***** Records supplied

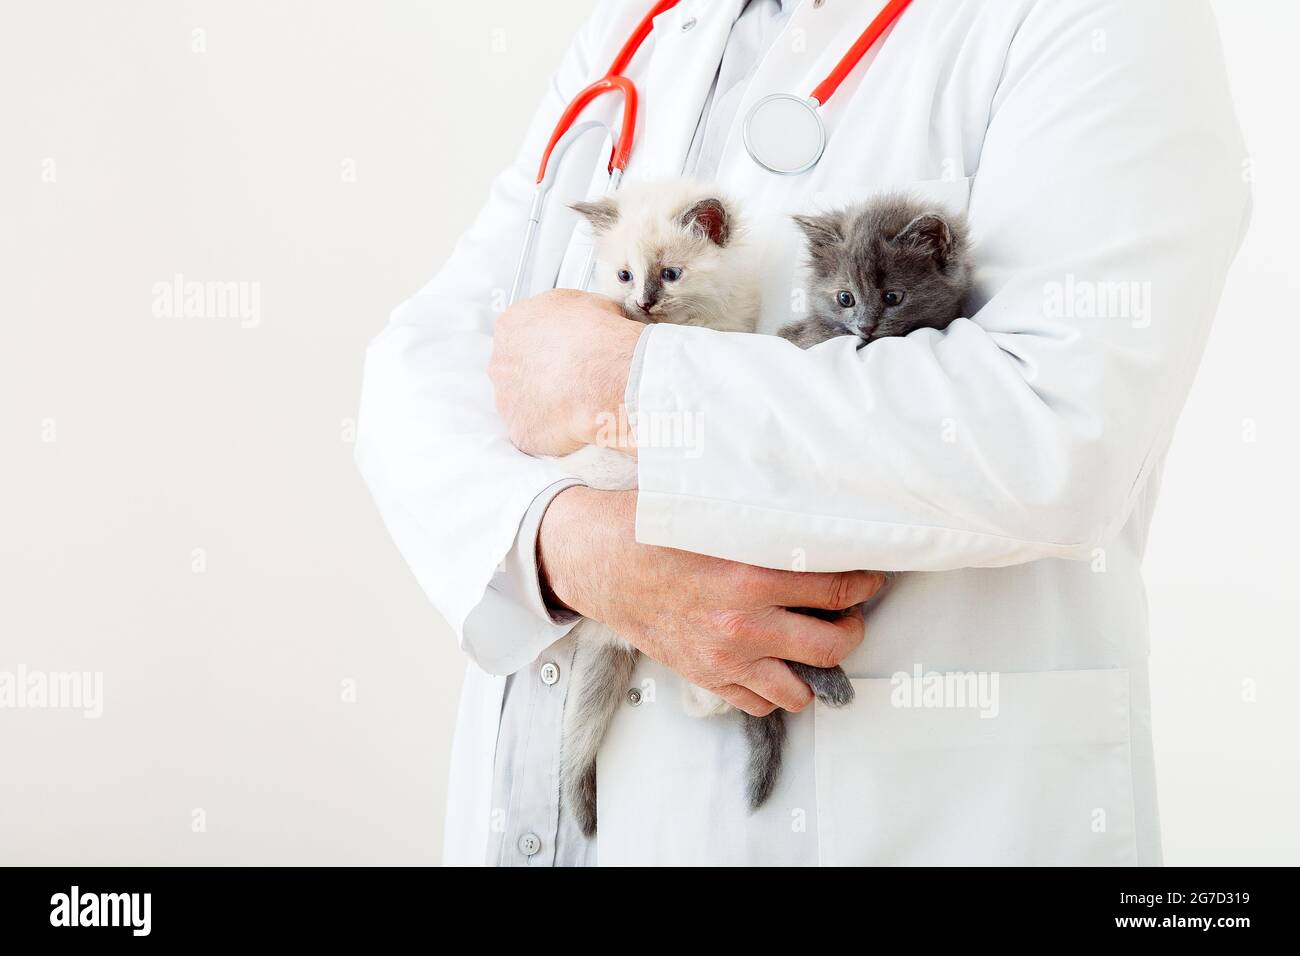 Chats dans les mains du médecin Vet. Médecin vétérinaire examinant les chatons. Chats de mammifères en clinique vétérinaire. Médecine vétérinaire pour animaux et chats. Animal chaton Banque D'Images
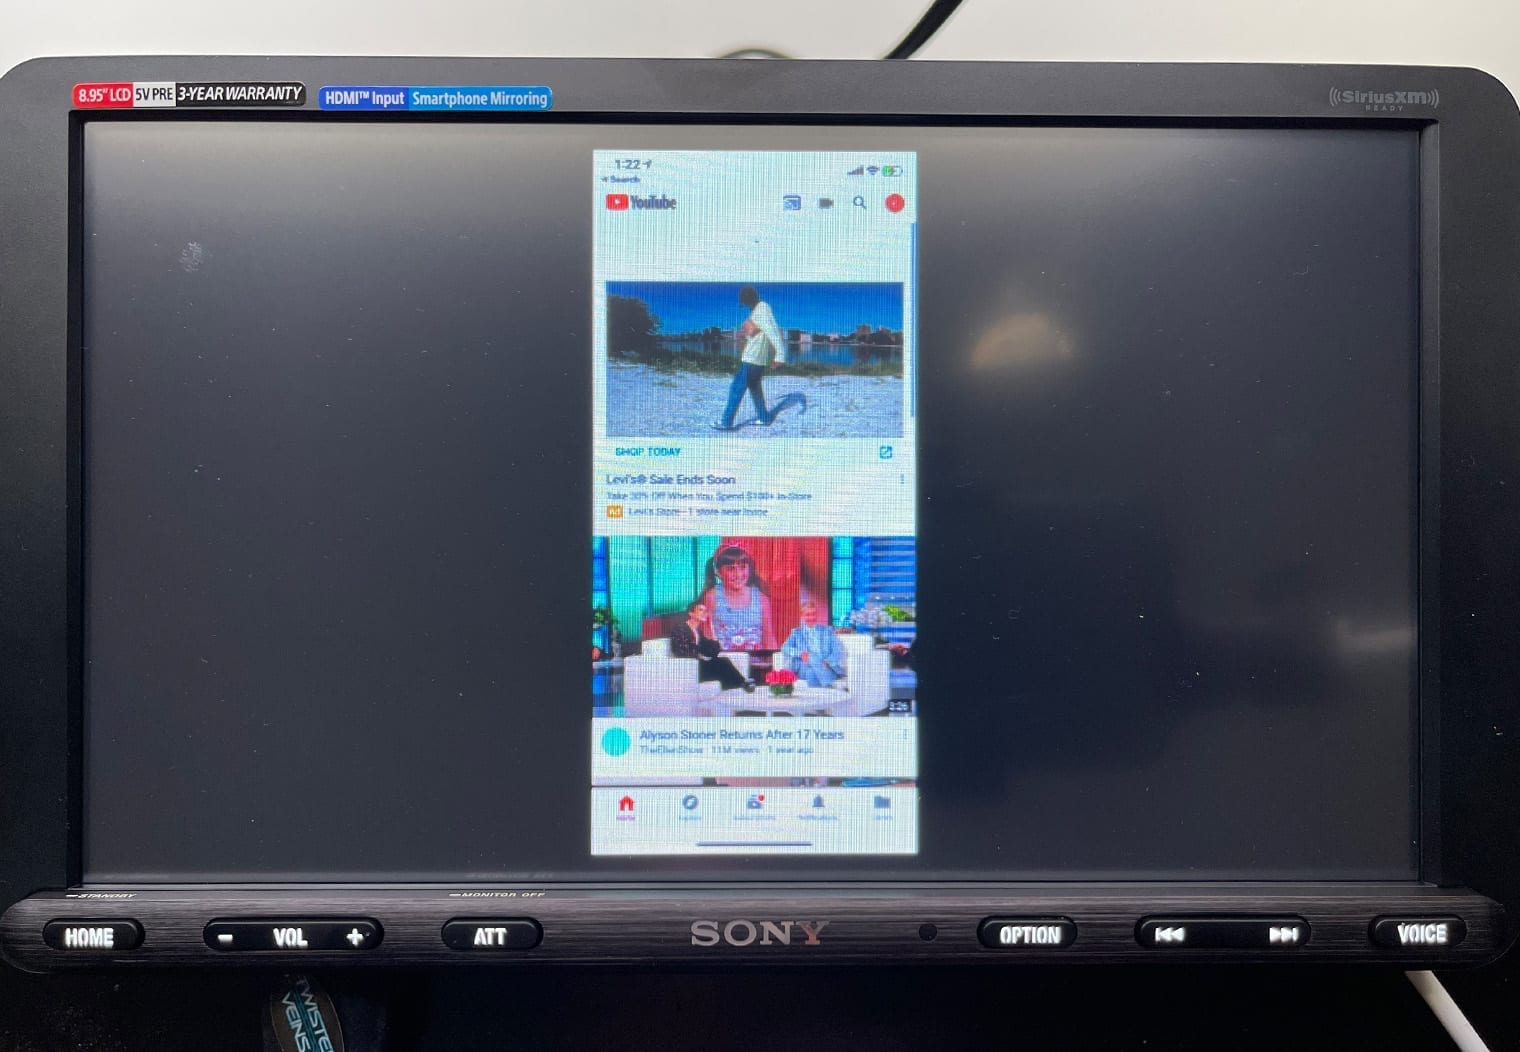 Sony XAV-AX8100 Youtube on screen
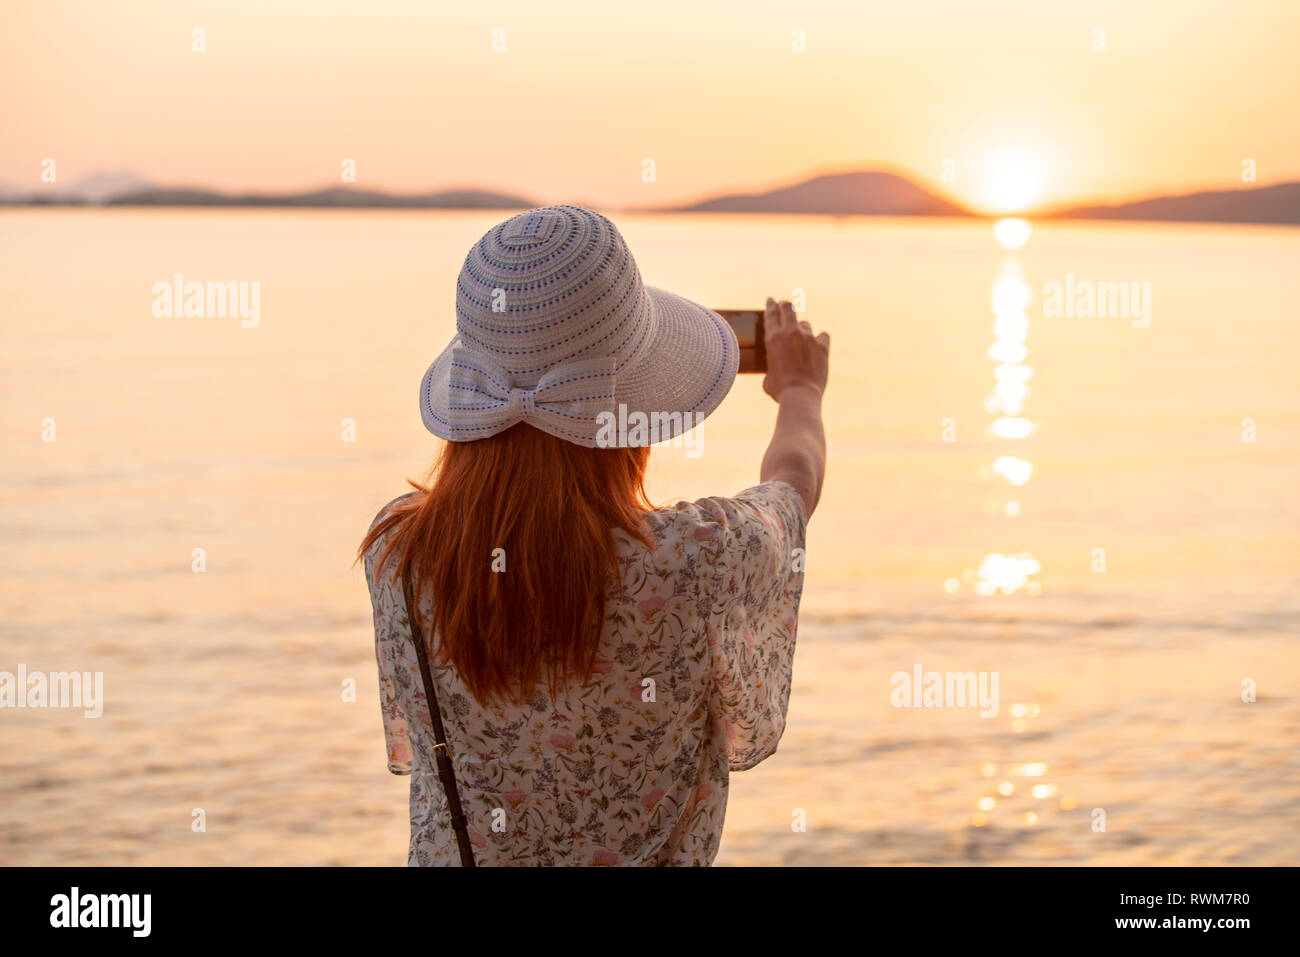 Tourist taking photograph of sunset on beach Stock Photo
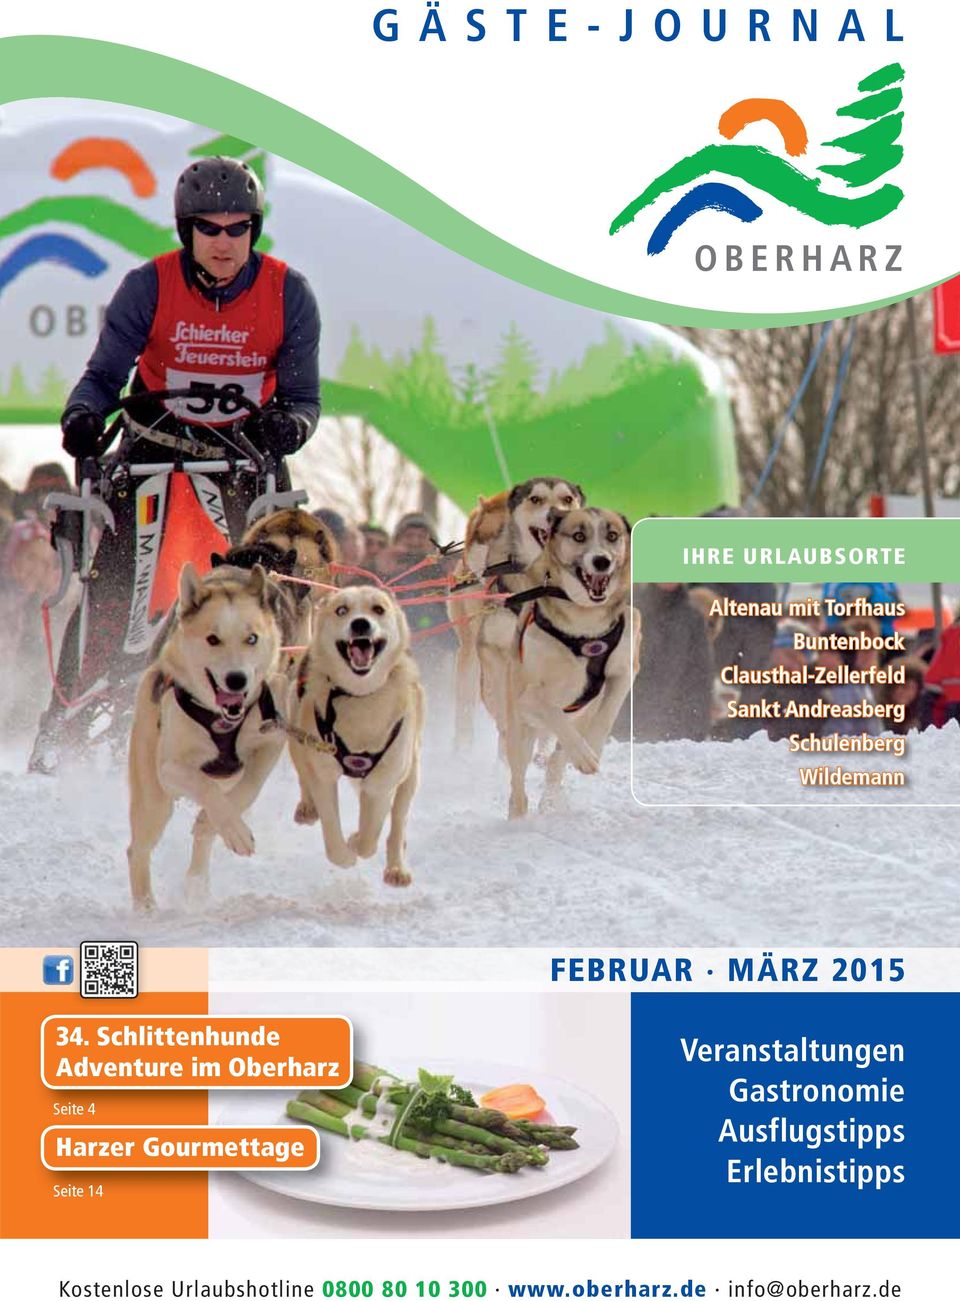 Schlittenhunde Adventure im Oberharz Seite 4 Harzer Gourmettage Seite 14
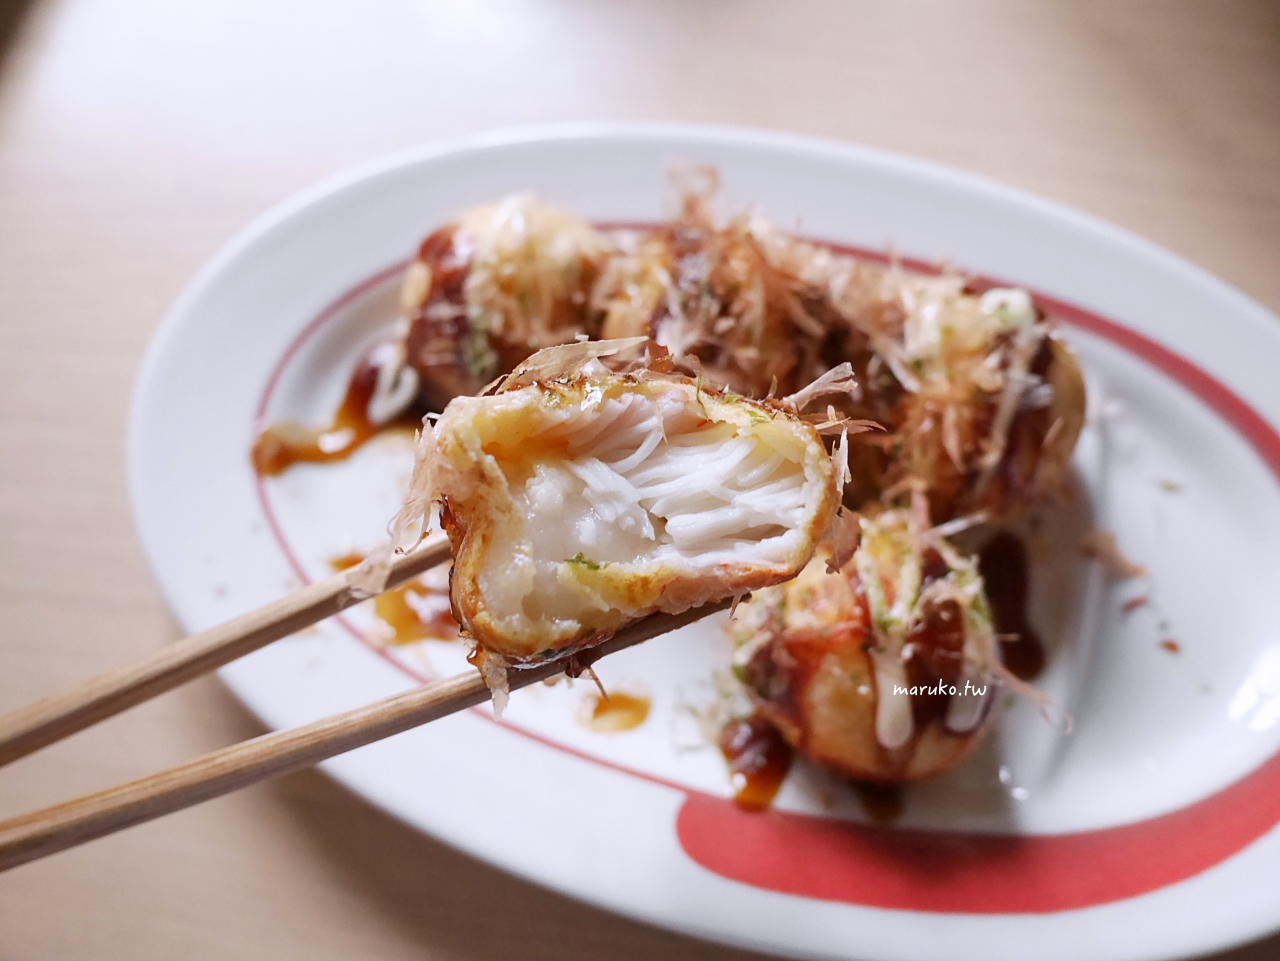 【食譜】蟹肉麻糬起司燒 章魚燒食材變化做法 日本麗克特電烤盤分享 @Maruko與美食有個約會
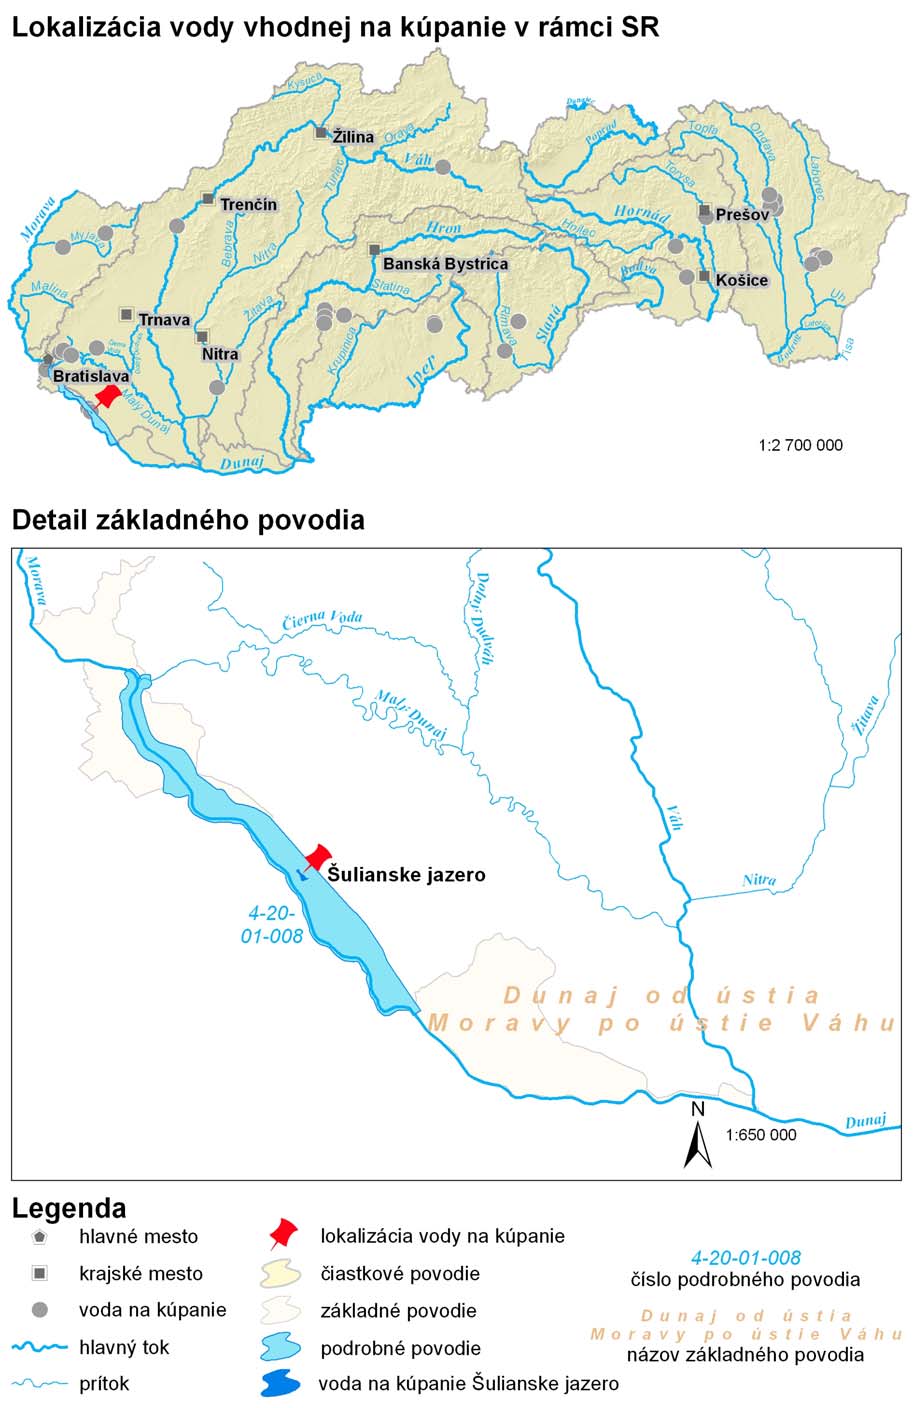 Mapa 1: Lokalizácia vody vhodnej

**********

Assignment:
Copy only the part of the records that runs from the first line to the line with "Sony XAV-AX8100 Youtube on screen", ends included, leaving pictures out.

Expected output:
 Chats dans les mains du médecin Vet. Médecin vétérinaire examinant les chatons. Chats de mammifères en clinique vétérinaire. Médecine vétérinaire pour animaux et chats. Animal chaton Banque D'Images
 Sony XAV-AX8100 Youtube on screen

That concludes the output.